I do have concerns about buying the Chrysalis
because of the need it has for washout.
I have read comments on the need
to have just the right amount in order to turn tightly. I would like to
know just what washout has to do with turning radius. Is it just the fact
that most people try to fly to slowly to turn tightly without washout
preventing tip stalls?
From : Don Stackhouse
First of all, the Chrysalis does not need washout for turning any more than
any other plane does. Secondly, and contrary to popular opinion, washout
does NOT significantly help turning radius or tip-stalling tendencies in
turns.
The Chrysalis does have a type of wing structure that allows you to
readjust washout by re-shrinking the covering, and we've found that the
airplane's basic stability can be increased a bit (although it's already
extremely stable to begin with) by adding extra washout, at the expense of
a small amount of high-speed performance (in other words, launch height and
penetration). We explain this in the instructions as an option for a
beginner who happens to want even more stability. There are also other
stability-related options included, such as two different sizes of
conventional tails.
As far as turning radius and washout are concerned, the basic problem in
extremely tight turns cannot be fixed by washout. The inside wingtip in
such a turn is flying slower than the outside wingtip, with an airspeed
difference in some cases of 2:1 or more. This means that the inside wingtip
could be asked to develop more than four times the lift coefficient of the
outside wing tip (which could be even more than the lift coefficient at the
wing root), with only half the Reynolds number! If it doesn't succeed in
this, the lift developed by the two wings will not be equal, and the
airplane will therefore not be able to hold a constant bank angle. The only
way to properly fix this efficiently is through clever tailoring of the
airfoils and chords along the span, which I did in the design of the wing
of the Chrysalis.
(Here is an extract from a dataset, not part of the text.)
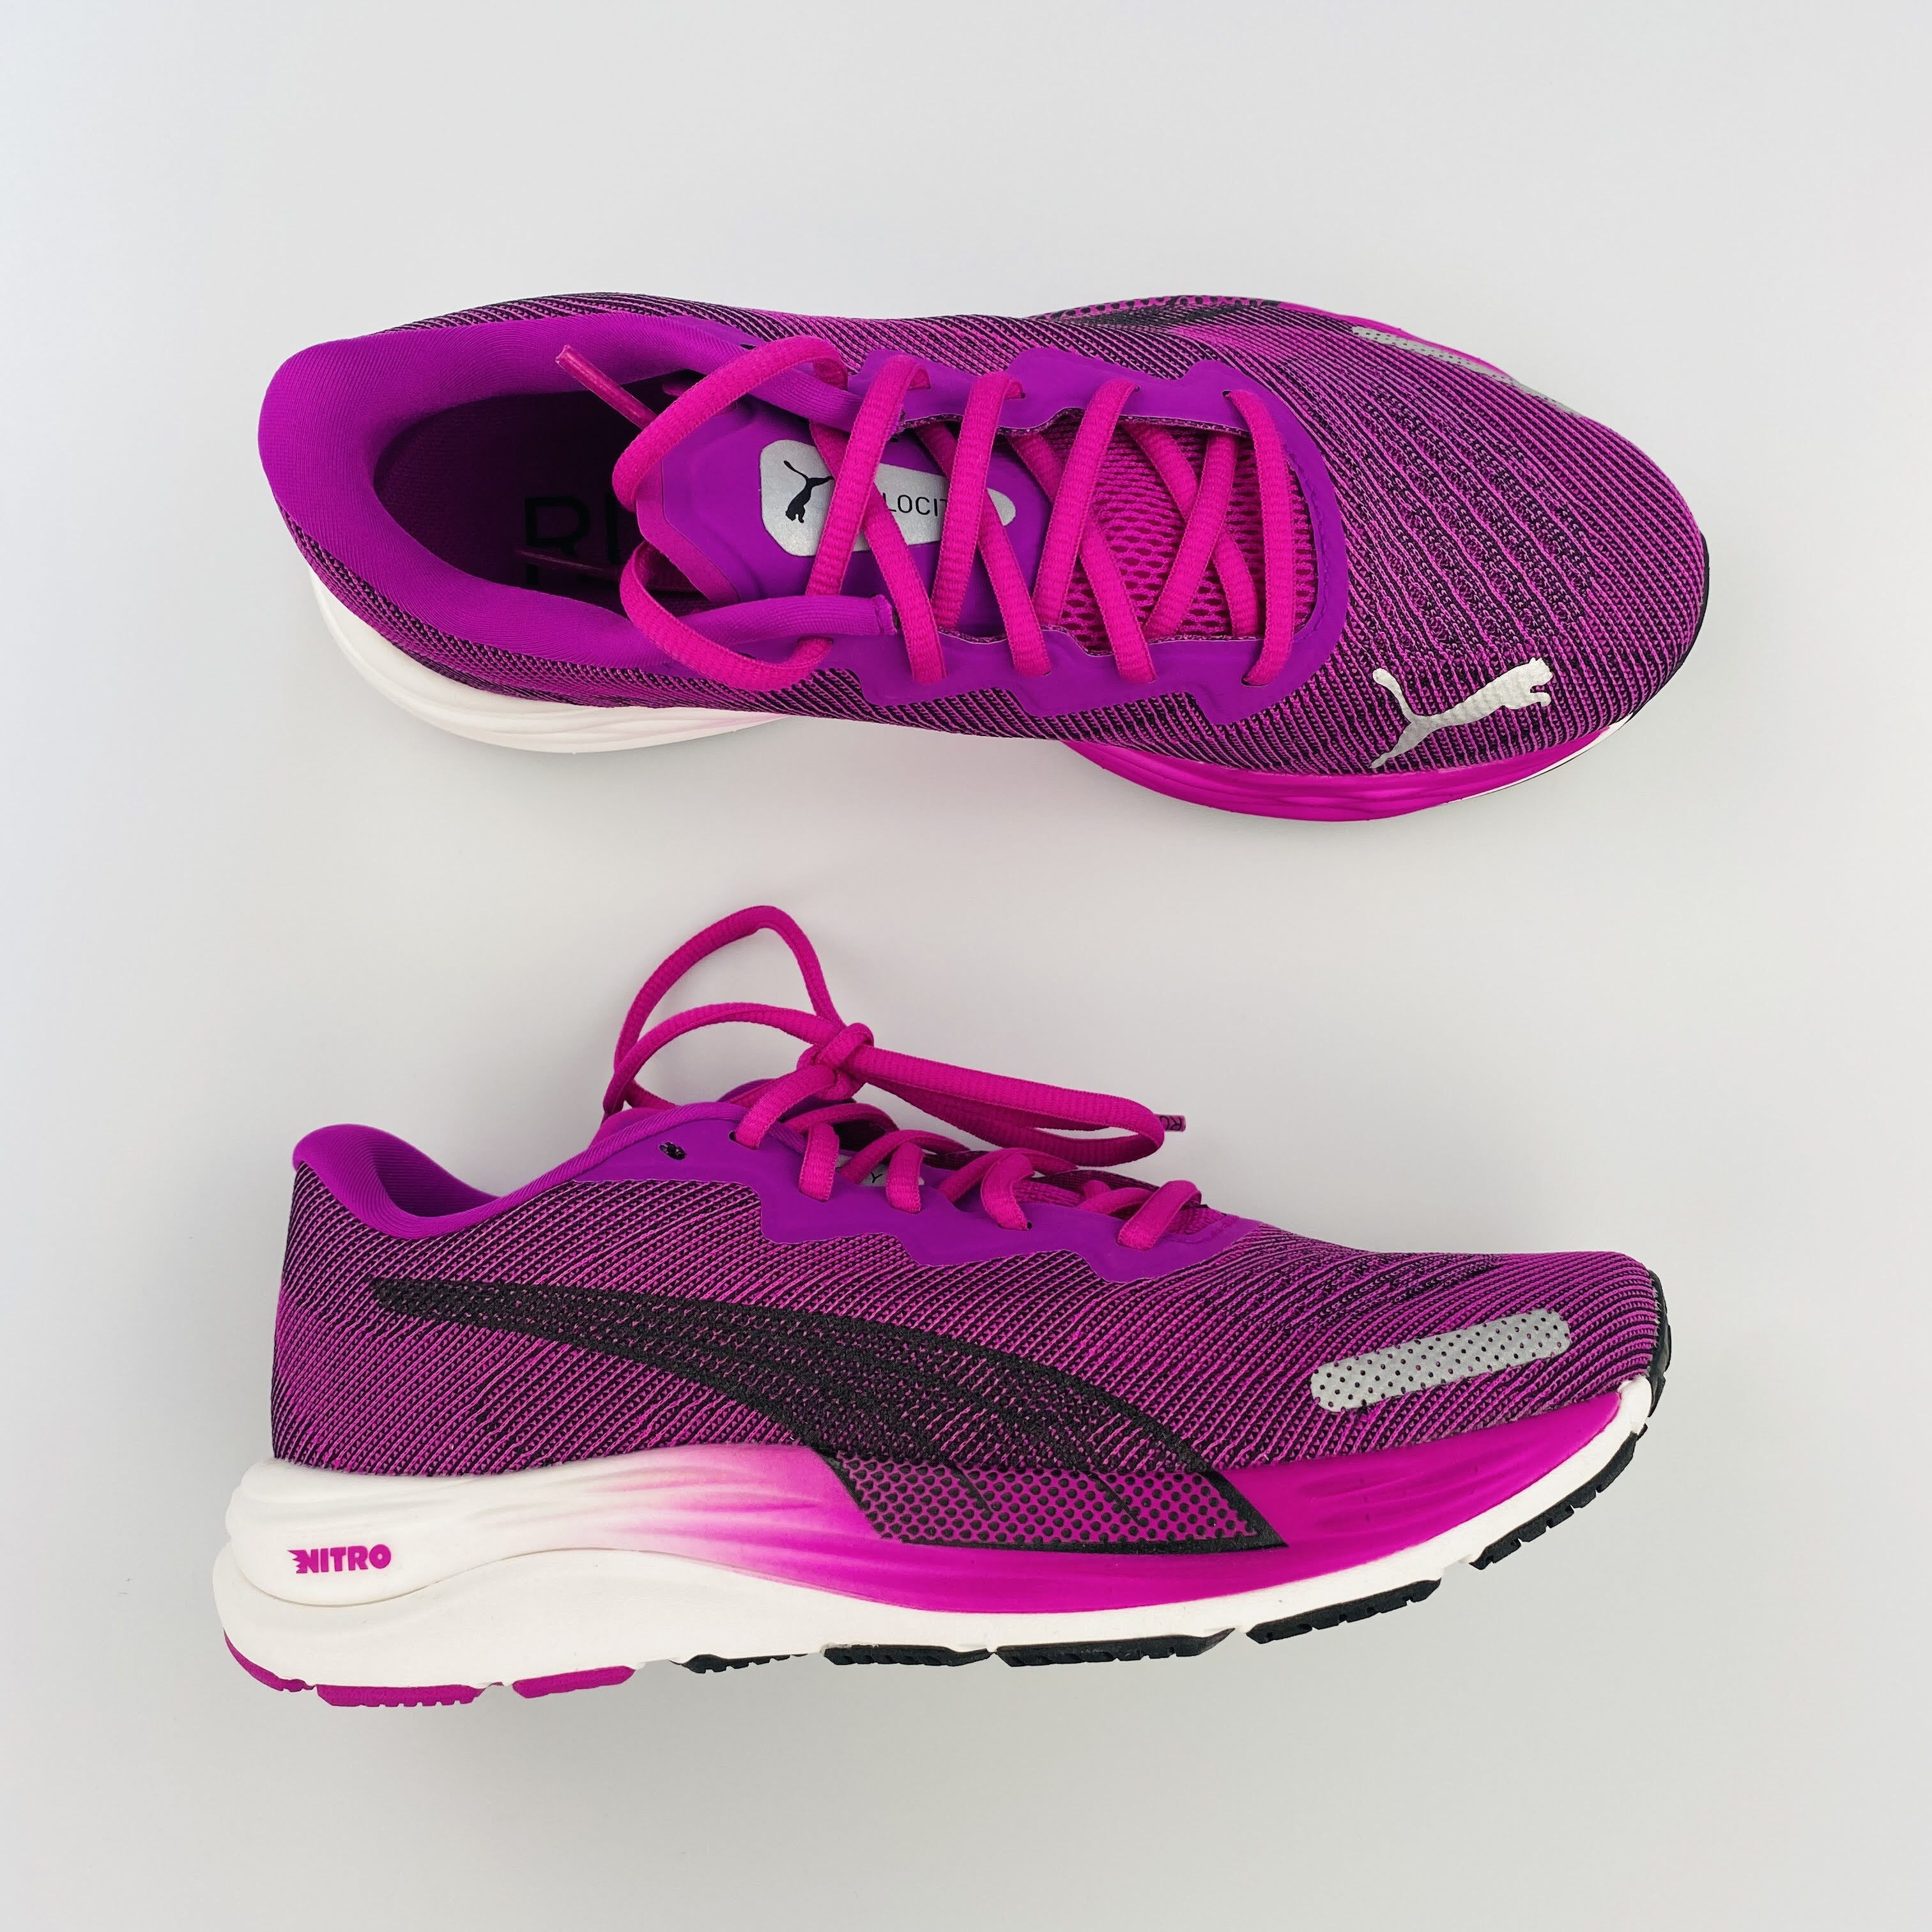 Velocity Nitro 2 Wns - Seconde main Chaussures running femme - Violet - 38.5

It was a huge amount of engineering work to get it right,
with non-linear tailoring and blending of airfoils all along the span, but
the results made it well worth the effort.
If you tried to fix this problem with washout, you would simply force the
plane to yaw more or use more aileron in a turn to make enough lift on the
inside wing panel to hold the bank angle constant, and the inside wingtip
would still stall at the same angle of attack. The only way to
significantly help the point of tip-stall would be to use so much washout
that the tips would both stop producing much lift, forcing the center
section to do all the work of supporting the plane. This would be extremely
inefficient, resulting in a 1.5 meter model with the performance of a 1.0
meter model! In all probability, such a plane would turn even worse than
one that didn't use excessive washout. It would also have very bad level
flight high-speed performance since the tips would almost certainly be
lifting downwards! The proper fix is to determine what's expected
aerodynamically at each location along the span during a turn, and design
the local airfoils and chords to deal with these requirements naturally (as
we did in the design of the Chrysalis), without resorting to major
distortions in the lift distribution from the use of excessive washout.